··· Dataset content ···

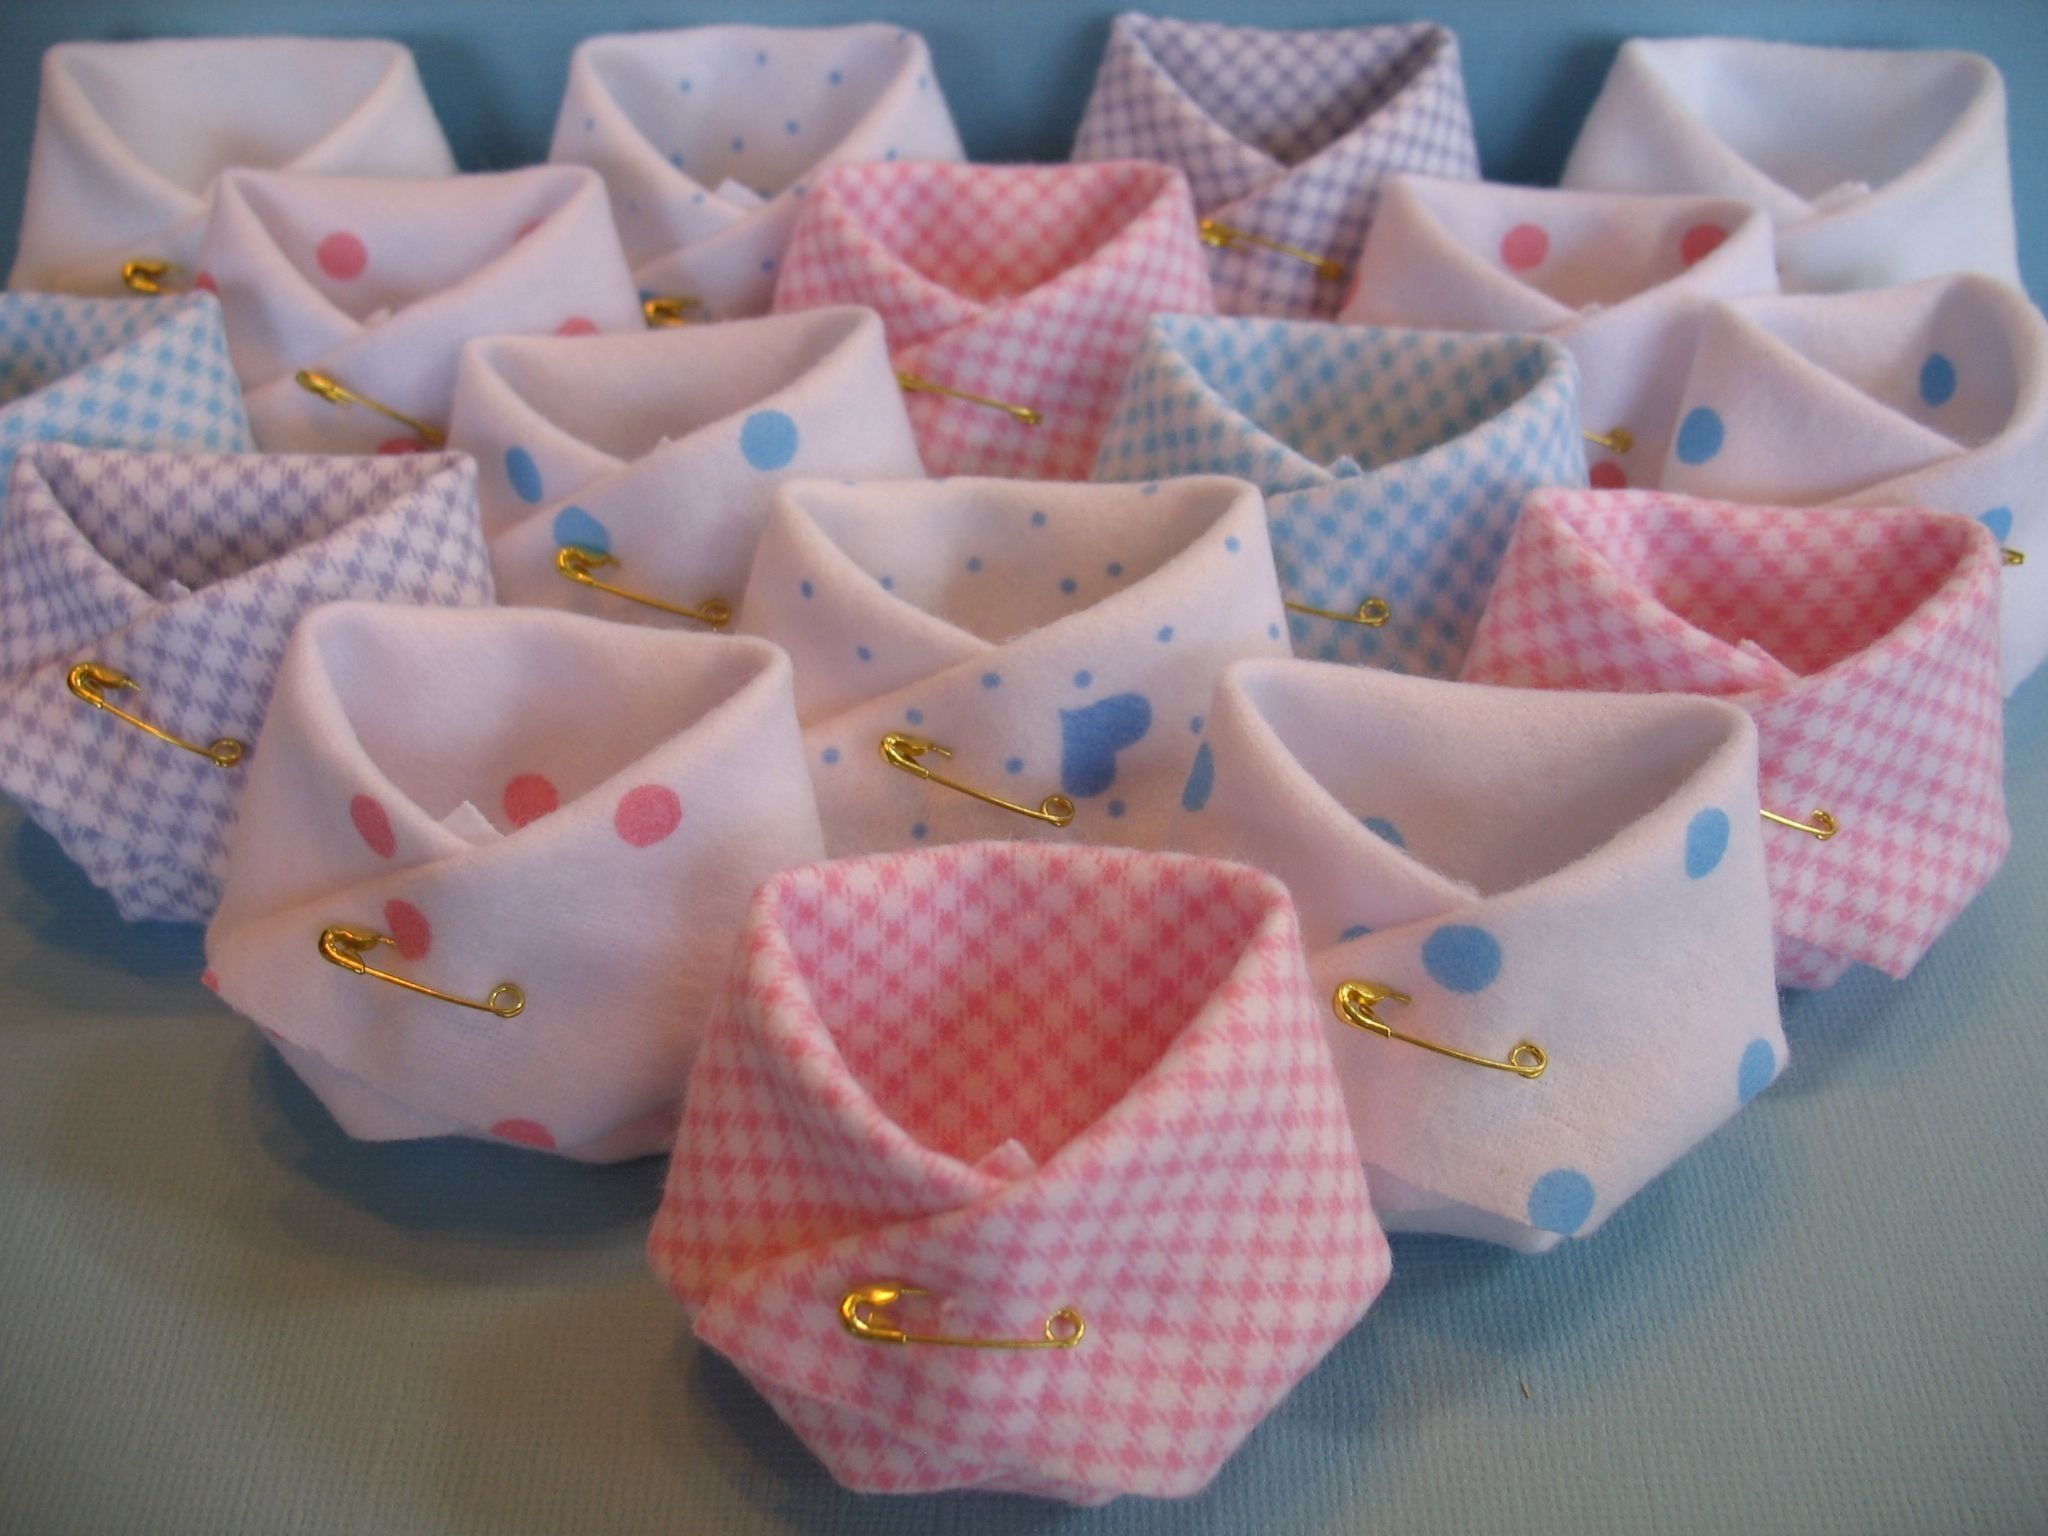 10 Most Recommended Party Favors Ideas For Baby Shower party favors baby shower diapers fill em up about to pop 1 2022
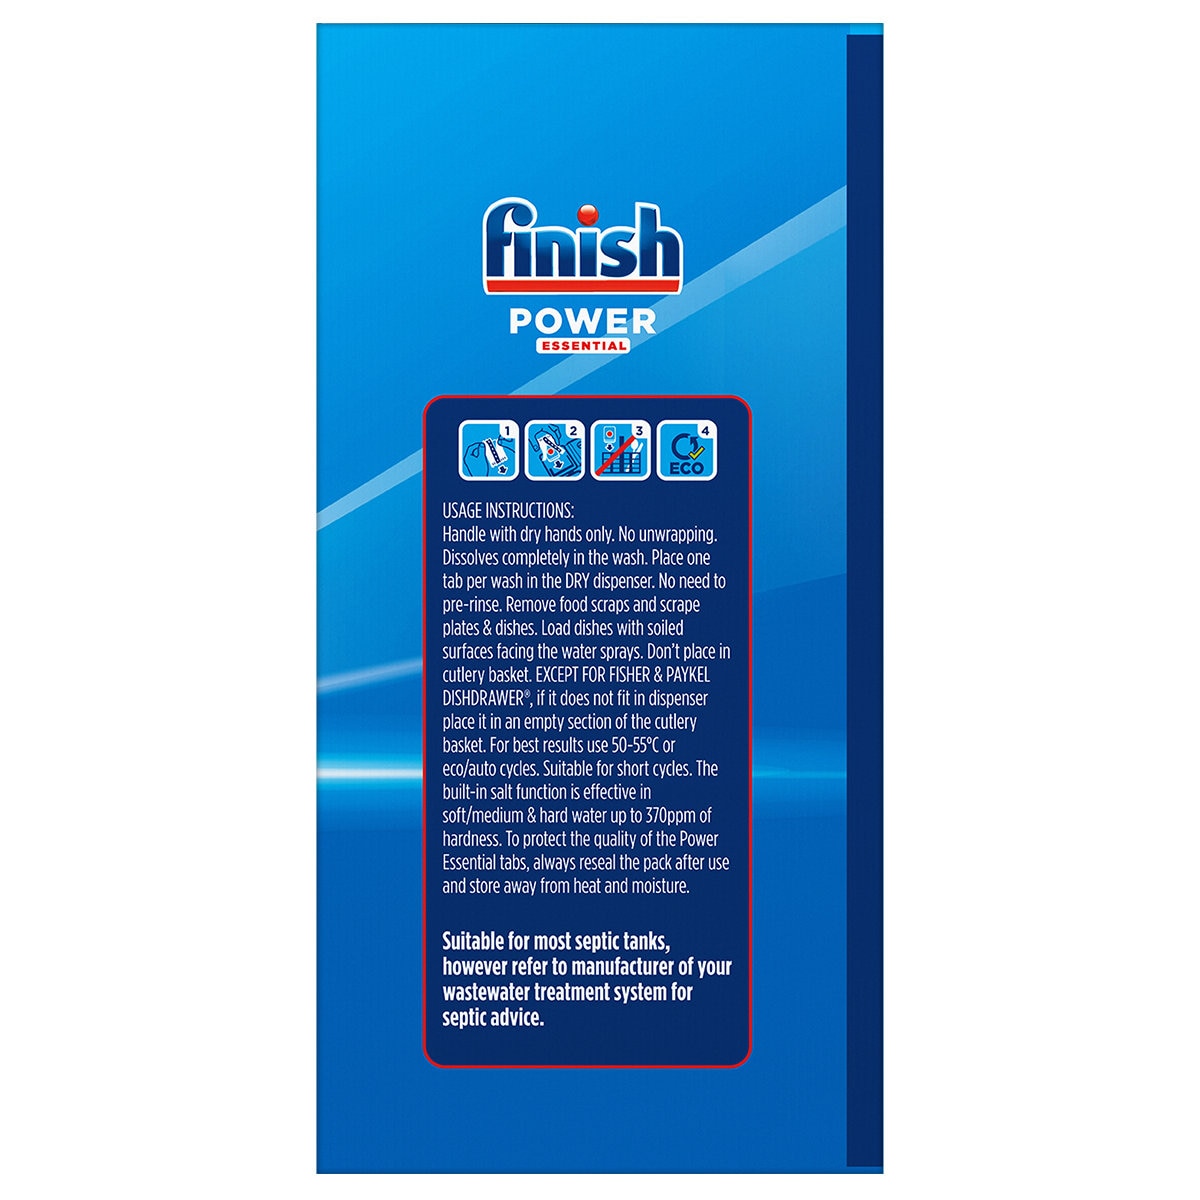 Finish Power Essential 140 Count
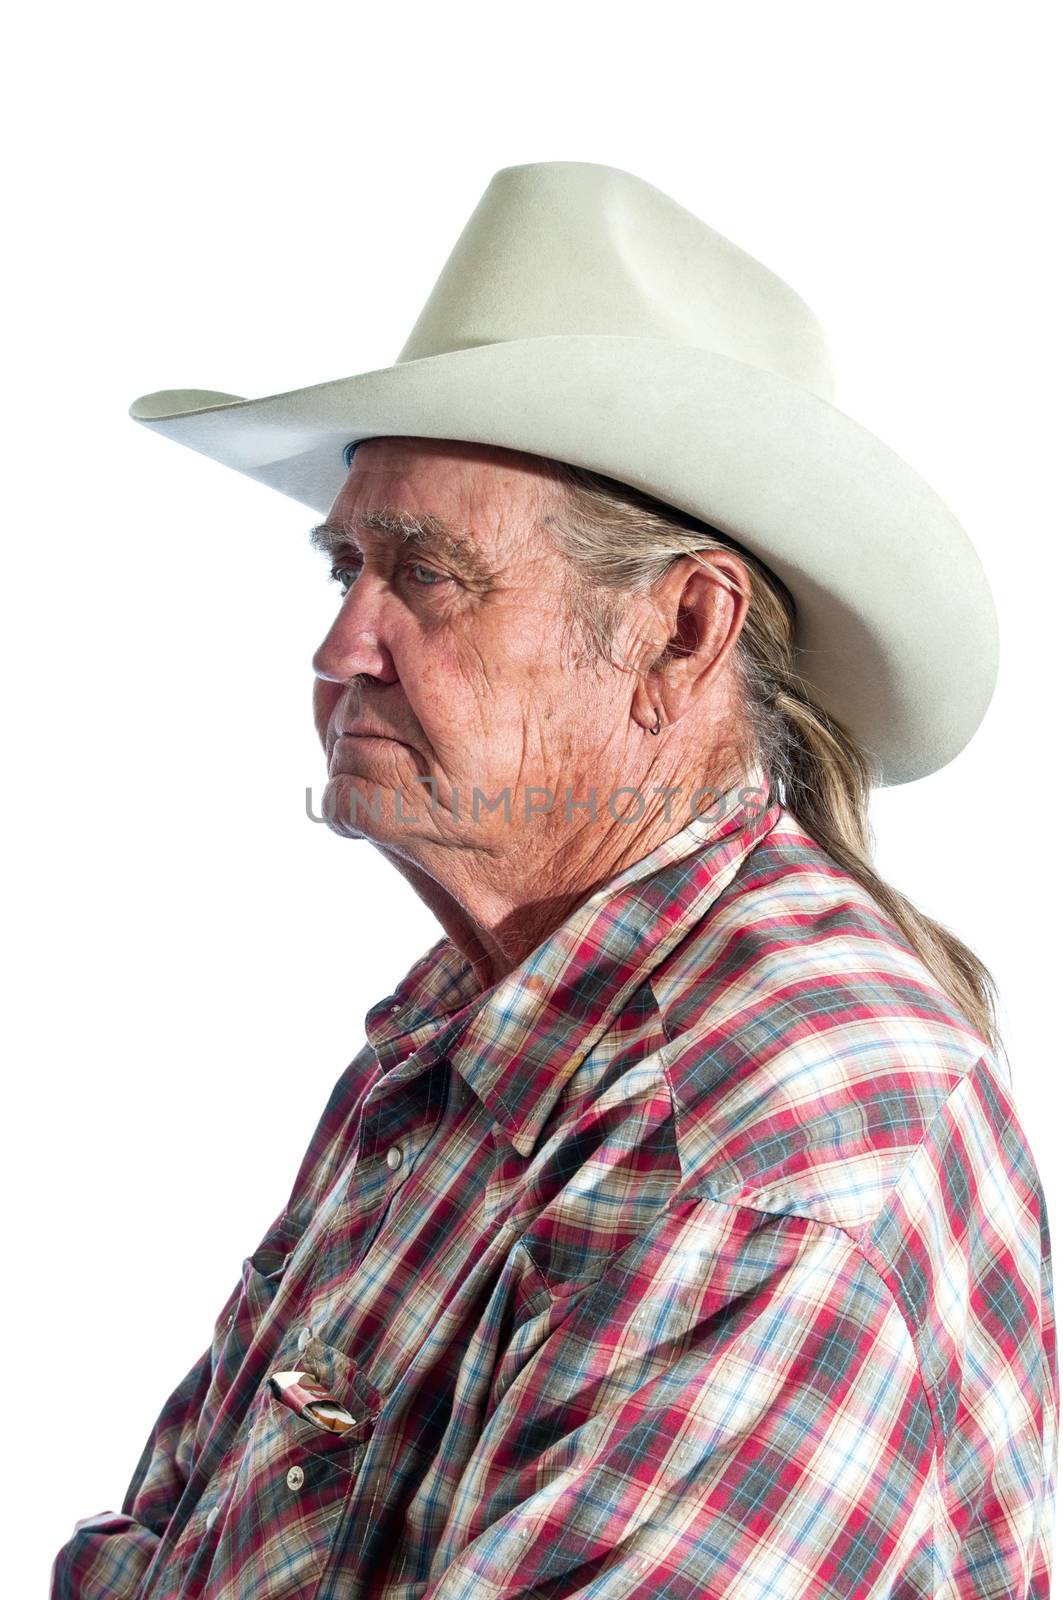 Wisdom written on his face, a retired cowboy pauses for a portrait

···

__Your objective__:
Make an exact copy of the lines from the one holding "Finish Power Essential 140 Count" through the end of the material, both ends included, and keep the pictures out of it.

__Response to this exercise__:
 Finish Power Essential 140 Count
 Wisdom written on his face, a retired cowboy pauses for a portrait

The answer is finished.